Comparative responses to demethylating therapy in animal models of osteosarcoma
Shan Huang, Ling Ren, Jessica A. Beck, Sushant Patkar, Maria Angeles Lillo Osuna, Aswini Cherukuri, Christina Mazcko, Susan A. Krum, Amy K. LeBlanc

TL;DR
Decitabine treatment inhibits tumor growth and metastasis in human and canine osteosarcoma by restoring estrogen receptor signaling and promoting bone cell differentiation.
Contribution
Demonstrates the effectiveness of demethylating therapy in canine osteosarcoma models, extending findings from human studies.
Findings
DAC treatment increased ALPL expression and enhanced differentiation in OSA cell lines.
DAC suppressed tumor growth and metastasis in both human and canine OSA models.

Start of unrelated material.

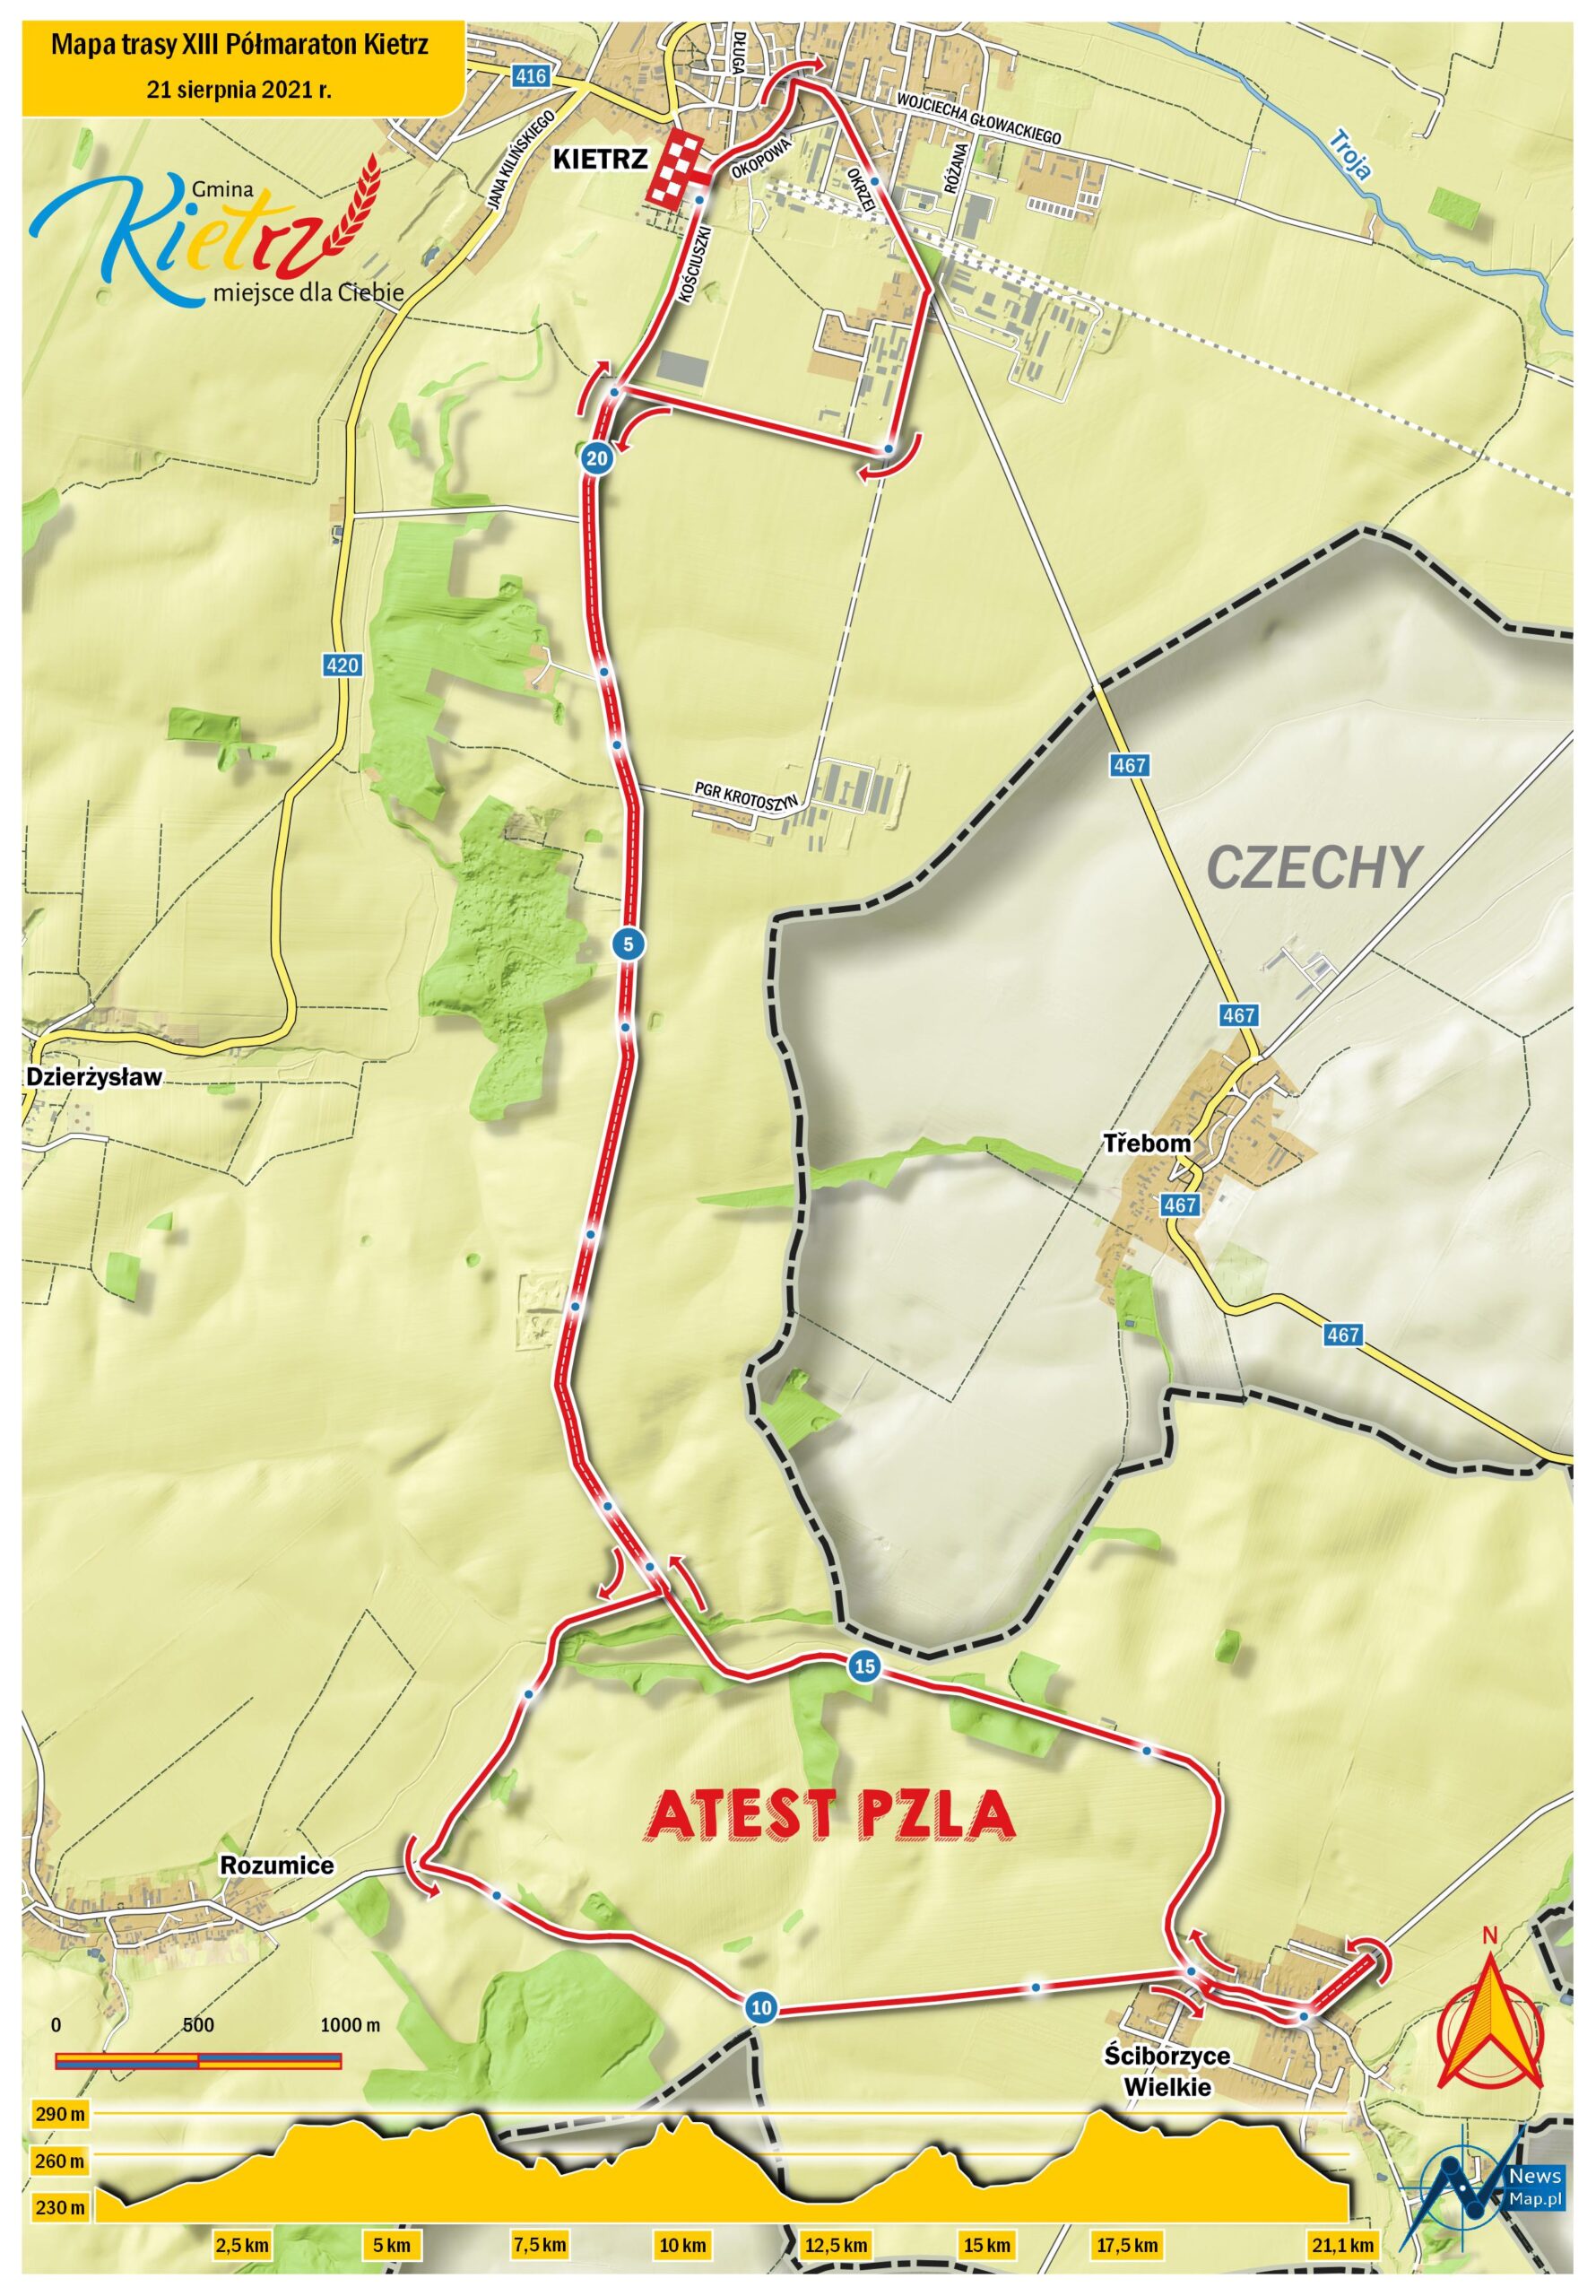 Mapa-statyczna-XIII-Półmaratonu-Kietrz-on-line

DAC altered immune response and cell cycle pathways, with greater effects in models with higher DNMT expression.
Abstract
The demethylating agent decitabine (DAC) effectively inhibits tumor growth and metastasis by targeting ESR1 methylation to restore estrogen receptor alpha (ERα) signaling and promoting cellular differentiation in models of human osteosarcoma (OSA). Whether this pathway can be targeted in canine OSA patients is unknown. Canine OSA tumor samples were tested for ERα expression and ESR1 promoter methylation. Human (MG63.3) and canine (MC-KOS) OSA cell lines and murine xenografts were treated with DAC in vitro and in vivo, respectively. Samples were assessed using mRNA sequencing and tissue immunohistochemistry. ESR1 is methylated in a subset of canine OSA patient samples and the MC-KOS cell line. DAC treatment led to enhanced differentiation as demonstrated by increased ALPL expression, and suppressed tumor growth in vitro and in vivo. Metastatic progression was inhibited, particularly in…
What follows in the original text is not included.